VCA seems to be a reasonable law. Unions should ask their members before taking money from their paychecks for politics. Rescinding the VCA would provide the IEA with a goldmine to fund political activities and candidates, which the IEA admits is spent mostly on Democratic Party issues and candidates. Should IEA win its lawsuit, teachers will be required to pay hundreds of dollars for state and national union politics from their paychecks, regardless of their willingness to do so. This is outrageously unfair.

VCA protects those teachers who want to pay for representation but don’t want to pay for union politics. But that’s not enough for the IEA. It wants more from its members and is willing to compromise many of its members’ beliefs by having them pay for the union’s political platform--over and above what they pay for collective bargaining.

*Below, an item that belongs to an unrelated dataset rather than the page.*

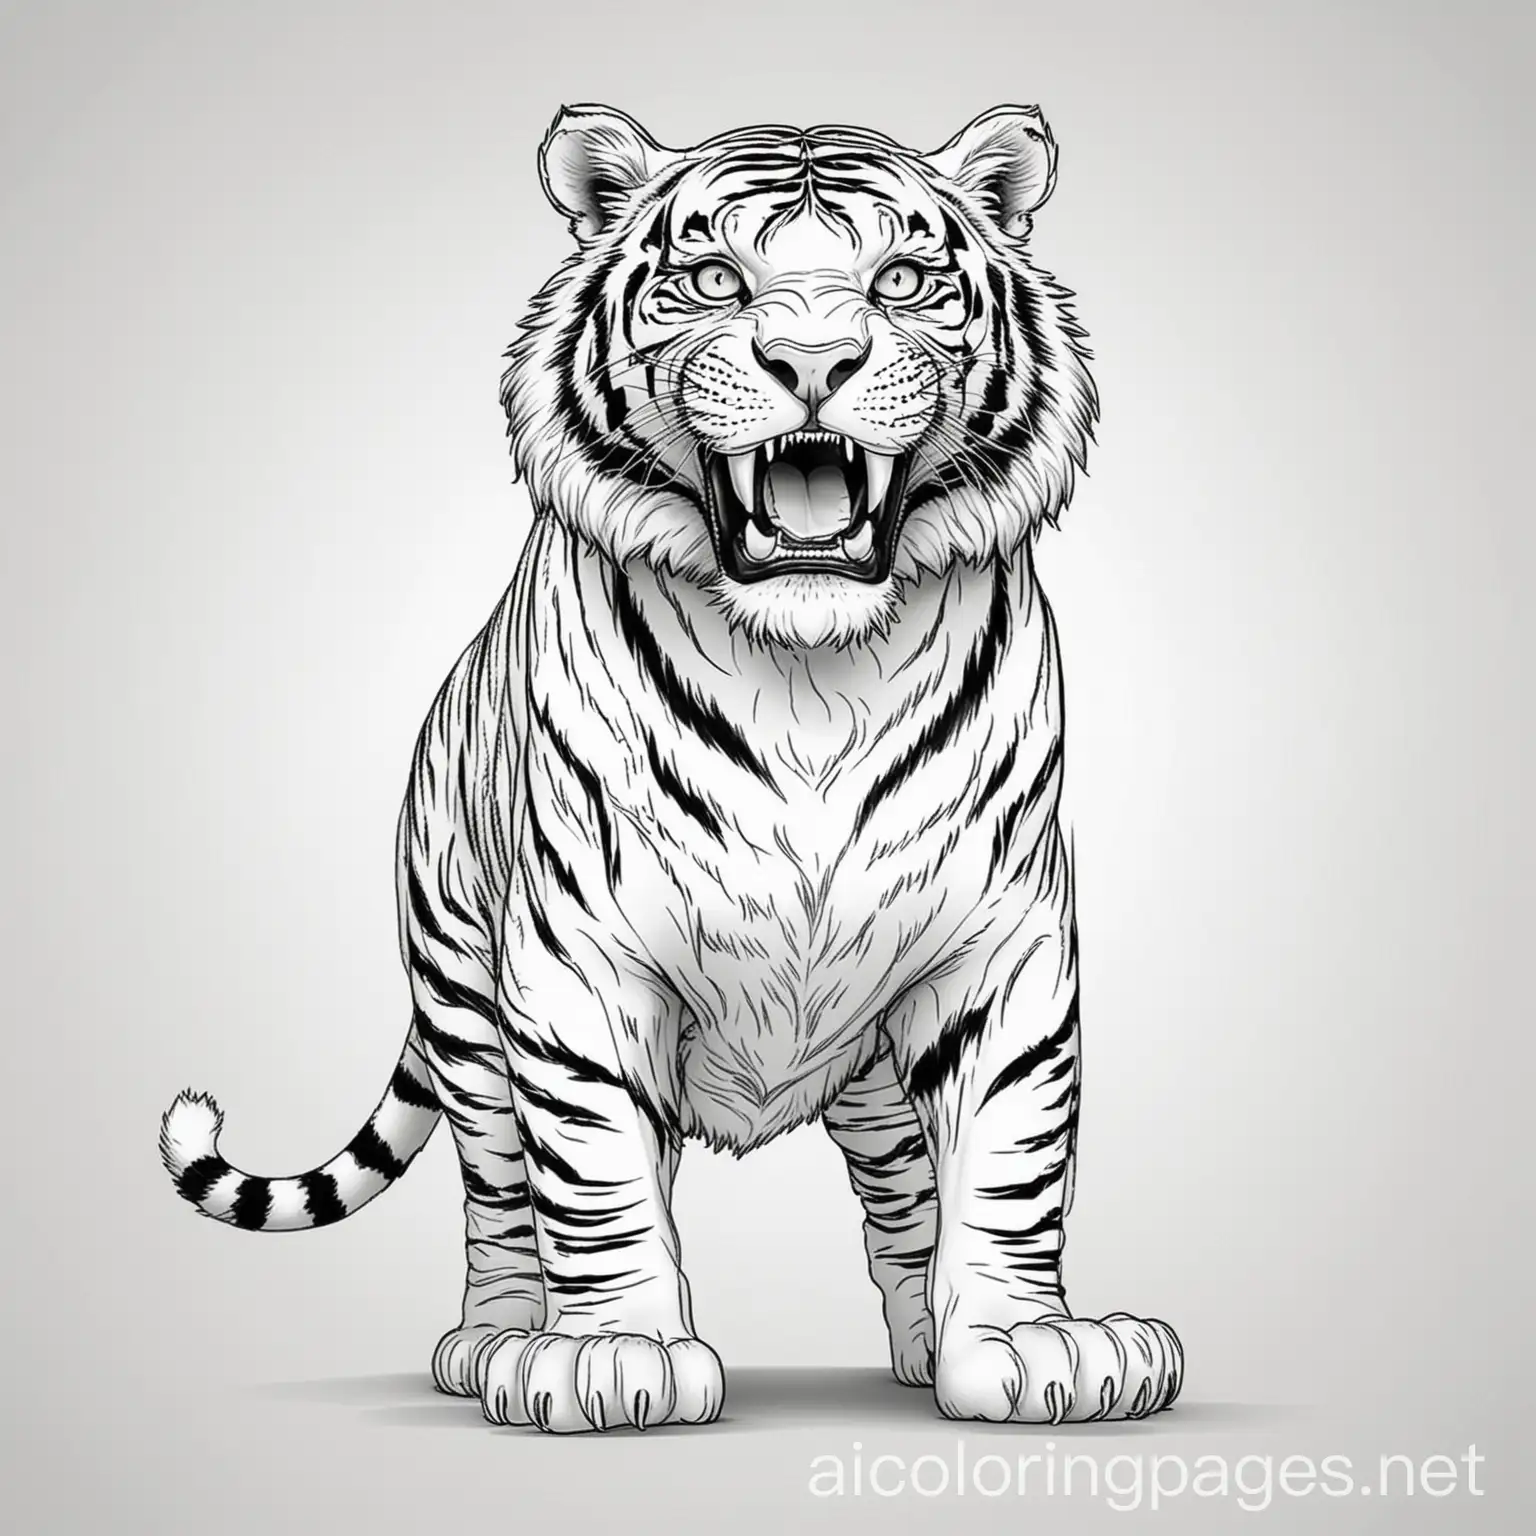 full body of a big big scary tiger who is ready to attack an animal with open mouth. in cartoon syle Coloring Page, black and white, line art, white background, Simplicity, Ample White Space. The background of the coloring page is plain white to make it easy for young children to color within the lines. The outlines of all the subjects are easy to distinguish, making it simple for kids to color without too much difficulty, Coloring Page, black and white, line art, white background, Simplicity, Ample White Space. The background of the coloring page is plain white to make it easy for young children to color within the lines. The outlines of all the subjects are easy to distinguish, making it simple for kids to color without too much difficulty, Coloring Page, black and white, line art, white background, Simplicity, Ample White Space. The background of the coloring page is plain white to make it easy for young children to color within the lines. The outlines of all the subjects are easy to distinguish, making it simple for kids to color without too much difficulty

It’s true that teachers who do not support union politics can choose to not join the union. In doing so, however, they must give up significant member benefits, including voting on their collective bargaining agreements, selecting negotiators, electing union officers, and voting on union constitution and bylaw amendments. While the non-member teachers are covered by the union’s collective bargaining agreement, they are denied a voice in decisions affecting their workplace.

The IEA claims that because union membership is voluntary, that “every penny” of a teacher’s dues is given voluntarily. This is false. In fact, teachers are obligated to pay for the state and national union’s political expenditures in order to exercise their local collective bargaining rights. This is coercion, not voluntarism.

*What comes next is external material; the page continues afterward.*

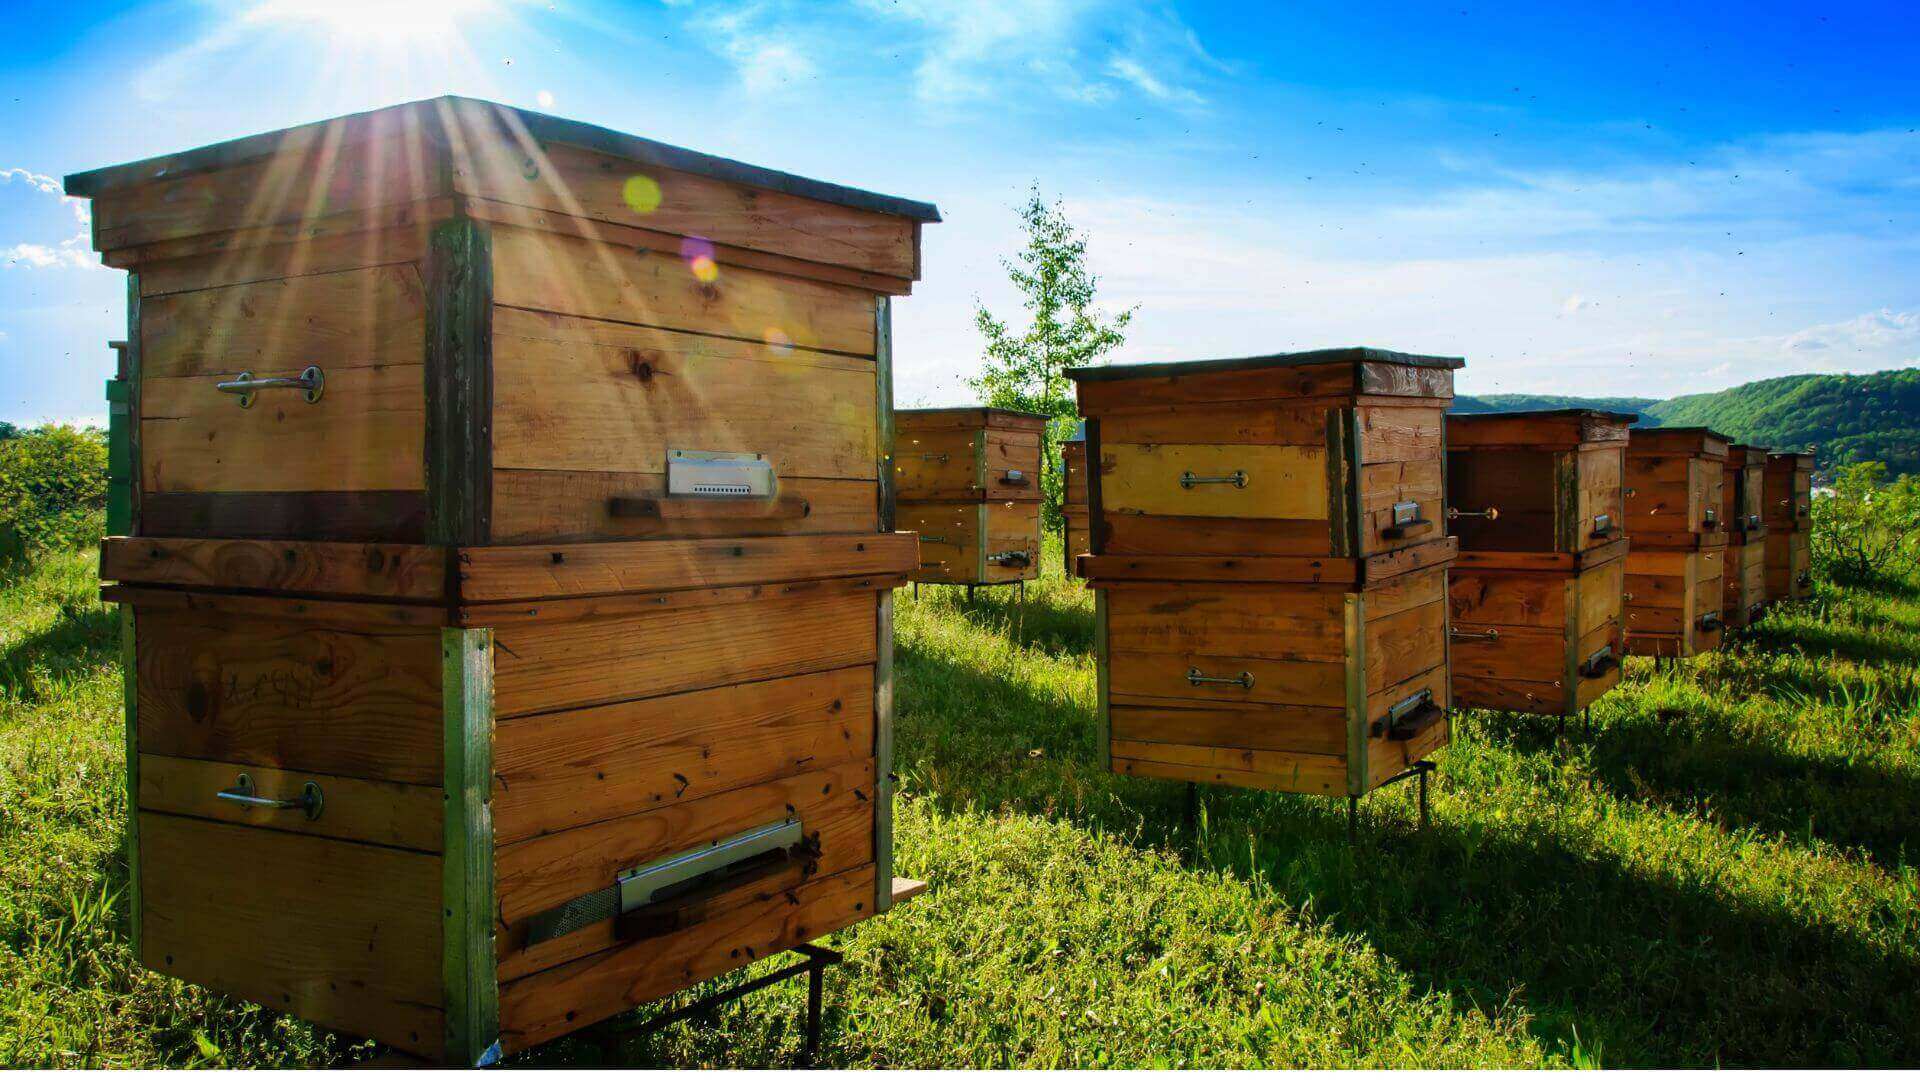 Collombatti Naturals 7 compelling reasons to buy Australian beeswax picture of beehives in sunshine

Even when a teacher is a union member, there are plenty of documented cases of union abuses for those teachers who do not support the union’s politics. This includes lack of support for grievances and due process rights, frivolous lawsuits, threats of lawsuits, organized ostracism, intimidation, and shunning by IEA members as well as blackballing.

Divisive union politics and unethical hardball tactics destroy the educational environment of schools by damaging teacher relationships and the teamwork essential for good education. They make the union’s so-called zero tolerance for harassment and commitment to respect and diversity little more than hypocritical pretense.

Union bullying and politics reveals the explicit need for non-partisan, professional educators’ organizations. One example is Northwest Professional Educators, a non-union educators’ association that provides guaranteed job protection benefits that are not dependent on a teacher sharing an organization’s political views. Teachers need a choice in a professional association now more than ever.

If forced politics were not part of the union equation, teachers could unify harmoniously around joint professional interests. The Idaho Voluntary Contributions Act protects employees from surrendering their political views in order to obtain the full benefit of union representation. VCA should be protected.

The court is currently reviewing this case. One can only hope that the U.S. District Court judge will uphold the rights of Idaho’s teachers to have a voice in local bargaining without being exploited by state and national unions for their unrelated political agendas.